TASK INSTRUCTIONS: Write out, please, the lines from the beginning of the material to the line with "Купить Игровая поверхность", including both ends and nothing else.

-*-

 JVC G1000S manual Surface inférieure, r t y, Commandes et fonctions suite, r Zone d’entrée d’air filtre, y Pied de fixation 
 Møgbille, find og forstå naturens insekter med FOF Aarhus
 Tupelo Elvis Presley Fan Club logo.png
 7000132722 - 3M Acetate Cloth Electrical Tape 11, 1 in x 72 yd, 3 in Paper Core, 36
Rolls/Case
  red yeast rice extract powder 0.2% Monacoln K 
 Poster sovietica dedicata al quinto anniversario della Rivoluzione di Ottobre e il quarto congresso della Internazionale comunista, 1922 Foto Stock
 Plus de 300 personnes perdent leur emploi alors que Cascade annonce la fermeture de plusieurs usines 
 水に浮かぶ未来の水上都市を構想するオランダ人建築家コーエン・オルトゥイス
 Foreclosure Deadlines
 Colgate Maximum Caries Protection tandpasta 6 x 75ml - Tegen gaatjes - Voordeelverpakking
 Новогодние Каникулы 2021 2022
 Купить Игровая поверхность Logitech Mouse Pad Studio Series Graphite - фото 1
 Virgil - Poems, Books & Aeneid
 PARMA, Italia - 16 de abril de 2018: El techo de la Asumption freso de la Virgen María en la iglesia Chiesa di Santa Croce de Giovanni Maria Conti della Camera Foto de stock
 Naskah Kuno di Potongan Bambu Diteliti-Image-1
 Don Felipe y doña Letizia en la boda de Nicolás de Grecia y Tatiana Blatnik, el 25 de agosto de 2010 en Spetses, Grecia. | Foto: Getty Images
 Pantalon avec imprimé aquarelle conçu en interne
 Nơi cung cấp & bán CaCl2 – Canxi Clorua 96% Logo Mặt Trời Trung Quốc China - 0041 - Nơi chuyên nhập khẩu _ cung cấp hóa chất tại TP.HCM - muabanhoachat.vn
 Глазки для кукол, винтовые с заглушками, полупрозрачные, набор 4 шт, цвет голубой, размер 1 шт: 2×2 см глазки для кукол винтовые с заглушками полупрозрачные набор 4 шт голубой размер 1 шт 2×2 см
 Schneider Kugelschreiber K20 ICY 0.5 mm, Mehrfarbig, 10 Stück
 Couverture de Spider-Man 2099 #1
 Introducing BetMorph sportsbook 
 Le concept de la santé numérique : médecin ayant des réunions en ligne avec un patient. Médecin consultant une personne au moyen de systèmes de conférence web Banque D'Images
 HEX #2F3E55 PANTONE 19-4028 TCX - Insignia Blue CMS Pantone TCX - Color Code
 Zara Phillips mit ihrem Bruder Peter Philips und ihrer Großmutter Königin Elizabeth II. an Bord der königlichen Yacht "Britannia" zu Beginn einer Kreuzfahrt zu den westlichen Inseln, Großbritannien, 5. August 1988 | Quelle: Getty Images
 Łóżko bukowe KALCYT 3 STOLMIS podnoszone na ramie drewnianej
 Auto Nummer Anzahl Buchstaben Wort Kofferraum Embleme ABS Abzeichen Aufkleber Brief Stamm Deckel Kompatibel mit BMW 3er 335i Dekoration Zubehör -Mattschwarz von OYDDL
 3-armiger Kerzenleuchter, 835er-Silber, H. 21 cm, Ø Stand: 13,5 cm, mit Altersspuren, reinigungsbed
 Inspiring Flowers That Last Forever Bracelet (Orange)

-*-

ANSWER:
 JVC G1000S manual Surface inférieure, r t y, Commandes et fonctions suite, r Zone d’entrée d’air filtre, y Pied de fixation 
 Møgbille, find og forstå naturens insekter med FOF Aarhus
 Tupelo Elvis Presley Fan Club logo.png
 7000132722 - 3M Acetate Cloth Electrical Tape 11, 1 in x 72 yd, 3 in Paper Core, 36
Rolls/Case
  red yeast rice extract powder 0.2% Monacoln K 
 Poster sovietica dedicata al quinto anniversario della Rivoluzione di Ottobre e il quarto congresso della Internazionale comunista, 1922 Foto Stock
 Plus de 300 personnes perdent leur emploi alors que Cascade annonce la fermeture de plusieurs usines 
 水に浮かぶ未来の水上都市を構想するオランダ人建築家コーエン・オルトゥイス
 Foreclosure Deadlines
 Colgate Maximum Caries Protection tandpasta 6 x 75ml - Tegen gaatjes - Voordeelverpakking
 Новогодние Каникулы 2021 2022
 Купить Игровая поверхность Logitech Mouse Pad Studio Series Graphite - фото 1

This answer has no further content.